Ayant connaissance de l’occupation du logement la S.A. d’HLM DOMIAL a fait délivrer à M. [Z] [X] le 10 octobre 2024 une sommation interpellative. L’occupant se disant alors colocataire à titre gratuit avait indiqué ne disposer d’aucune clé d’accès au logement et pris l’engagement de le quitter d’ici le 22 octobre 2024.
Le bailleur a mandaté une entreprise pour sécuriser les lieux, laquelle n’a pu exécuter sa mission lors de son intervention du 7 novembre 2024, le logement étant toujours occupé.
Le 13 novembre 2024, le commissaire de justice constatait dans le cadre d’une tentative de sommation interpellative l’occupation du logement.
C’est dans ces conditions que le bailleur a fait établir le 18 novembre 2024 un procès-verbal de constat d’occupation et de squatt en présence de M. [Z] [X], lequel s’est dit conscient de sa qualité d’occupant sans droit ni titre mais dans l’incapacité de faire face différemment, n’entendant pas quitter les lieux avant l’issue de la trêve hivernale.
La S.A. d'[Adresse 13] a fait assigner M. [Z] [X] devant le juge des contentieux de la protection du Tribunal judiciaire de STRASBOURG par acte de commissaire de justice du 13 janvier 2025 pour :
— constater que le défendeur a pénétré par voie de fait dans l’immeuble situé au [Adresse 3] ;
— constater qu’il occupe l’immeuble aux fins d’habitation et qu’il ne dispose d’aucun titre d’occupation des lieux ;
En conséquence,
— ordonner l’expulsion sans délai du défendeur de l’immeuble ainsi que de tous occupants de son chef ;
— supprimer le délai de deux mois institué par l’article L.412-1 du code des procédures civiles d’exécution ;
— le condamner à lui payer une somme de 948,24 € à titre d’indemnité d’occupation due au 7 janvier 2025 ;
— le condamner à lui payer une indemnité d’occupation de 293,15 € mensuels outre les charges, jusqu’à la libération effective des lieux ;
— le condamner à lui payer 1 500 € au titre de l’article 700 du code de procédure civile ;
— le condamner en tous les frais et dépens ;
— rappeler l’exécution provisoire du jugement à intervenir.
La S.A. D’HLM DOMIAL, représenté par son conseil, au soutien de son dossier de plaidoirie reprend les termes de son acte introductif d’instance.
M. [Z] [X] n’a pas comparu bien que régulièrement assigné par acte délivré à sa personne
Les débats clos, l’affaire a été mise en délibéré et la décision rendue ce jour.
MOTIFS DE LA DECISION
En application de l’article 472 du code de procédure civile, « si le défendeur ne comparaît pas, il est néanmoins statué sur le fond.
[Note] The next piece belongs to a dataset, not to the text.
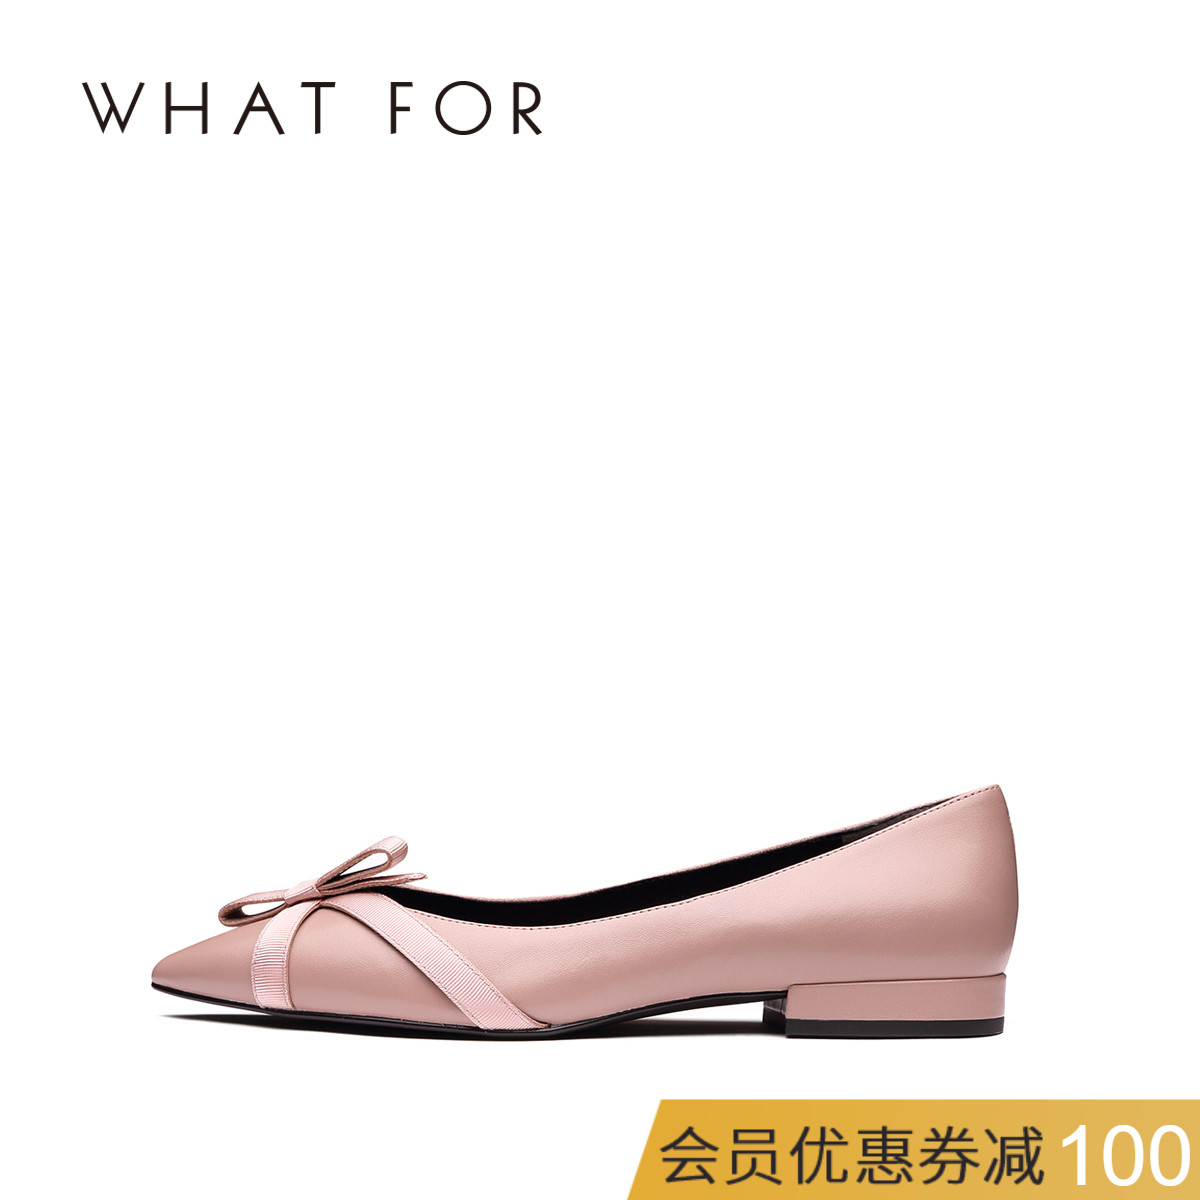 WHAT FOR2018秋季新款羊皮蝴蝶結簡約淺口尖頭低跟平底鞋女單鞋

Le juge ne fait droit à la demande que dans la mesure où il l’estime régulière, recevable et bien fondée ».
Aux termes de l’article L.213-4-3 du code de l’organisation judiciaire « Le juge des contentieux de la protection connaît des actions tendant à l’expulsion des personnes qui occupent aux fins d’habitation des immeubles bâtis sans droit ni titre. »
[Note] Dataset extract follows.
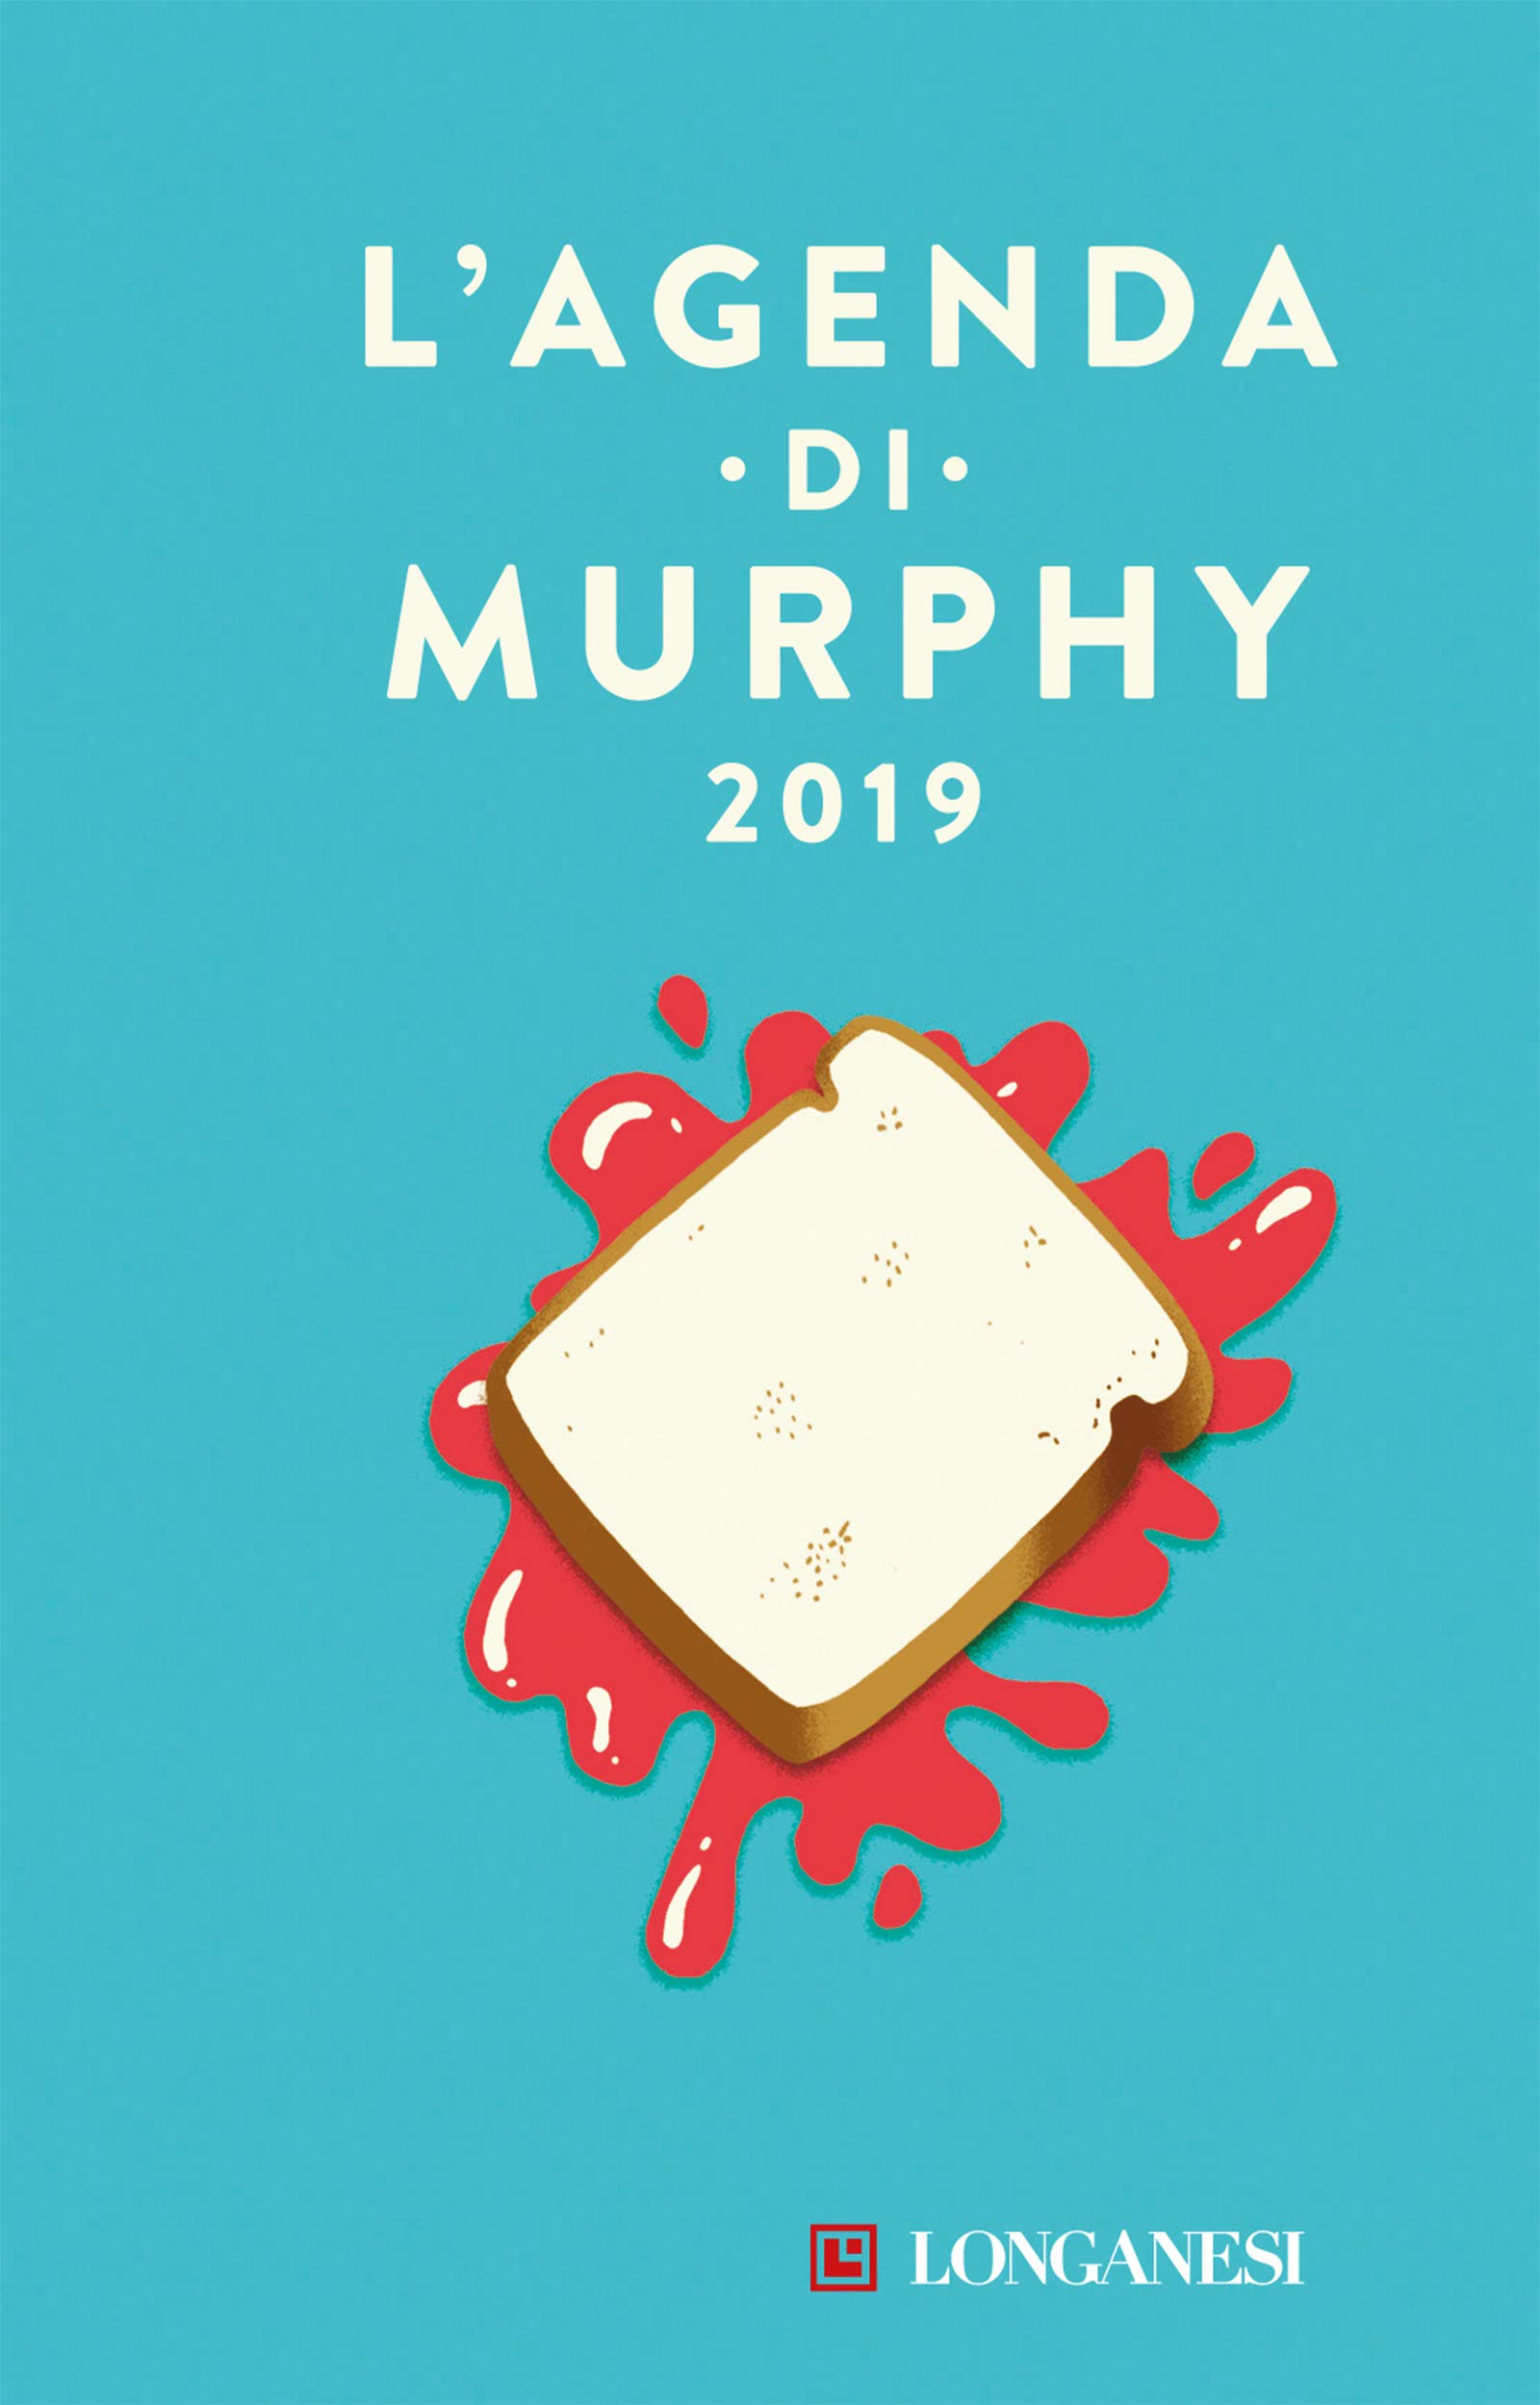 Lagenda di Murphy 2019 (La piccola Gaja scienza): Amazon.es ...

1. SUR LA QUALITÉ D’OCCUPANT SANS DROIT NI TITRE :
Aux termes de l’article 14 de la loi 89-462 du 6 juillet 1989, « … Lors du décès du locataire, le contrat de location est transféré :
…
A défaut de personnes remplissant les conditions prévues au présent article, le contrat de location est résilié de plein droit par le décès du locataire ou par l’abandon du domicile par ce dernier.»
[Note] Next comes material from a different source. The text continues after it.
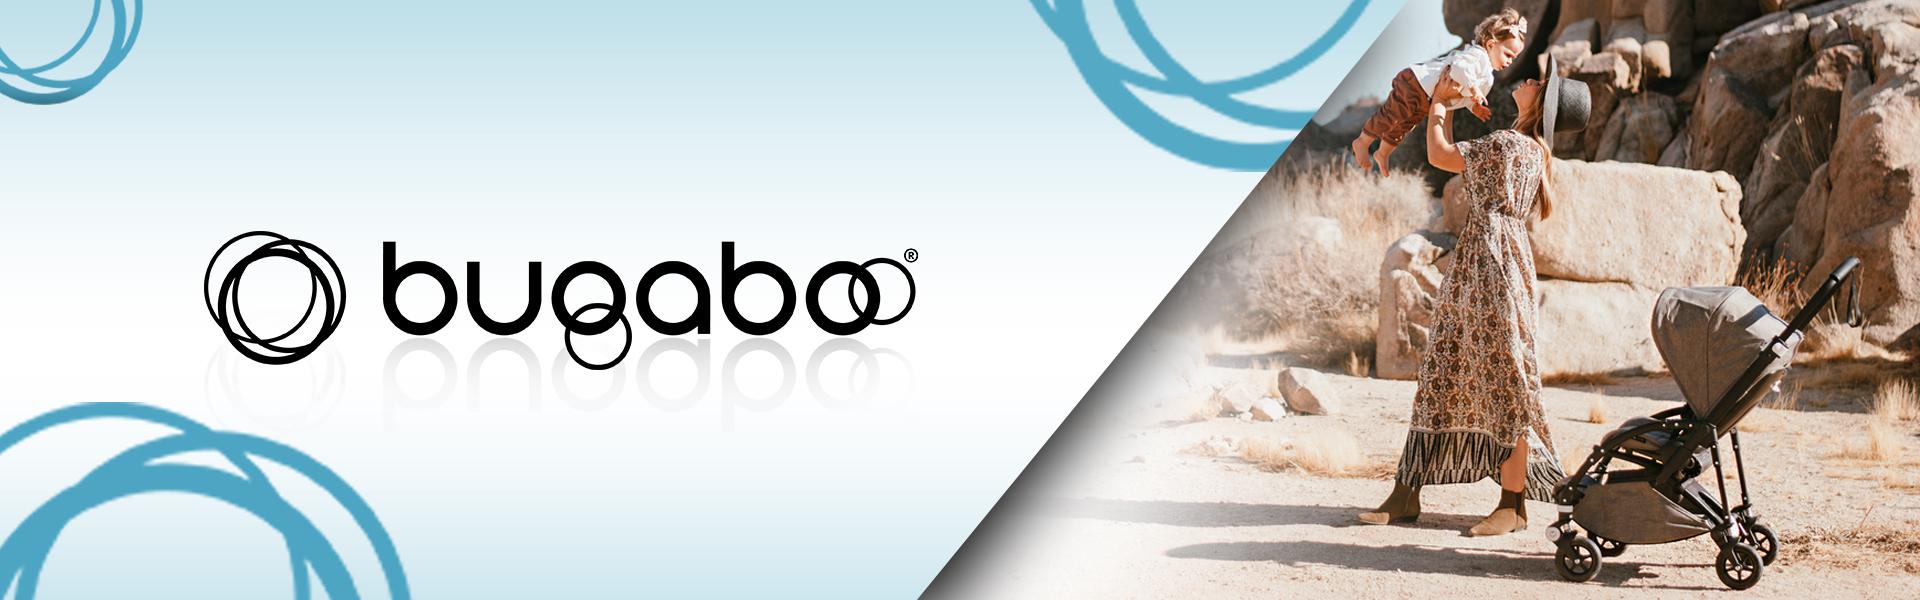 Bugaboo Fox 2 lapsevanker, Black/Black-Black                             Bugaboo

En l’espèce, le bail a pris fin.
Il est établi par la sommation interpellative du 10 octobre 2024 que M. [Z] [X], tout en se disant colocataire à titre gratuit avait indiqué ne disposer d’aucune clé d’accès au logement et pris l’engagement de le quitter d’ici le 22 octobre 2024.
La qualité d’occupant dans droit ni titre est par ailleurs confirmée par le procès-verbal de constat d’occupation et de squatt du 18 novembre 2024 aux termes duquel M. [Z] [X] s’est dit conscient de sa qualité d’occupant sans droit ni titre mais dans l’incapacité de faire face différemment, n’entendant pas quitter les lieux avant l’issue de la trêve hivernale.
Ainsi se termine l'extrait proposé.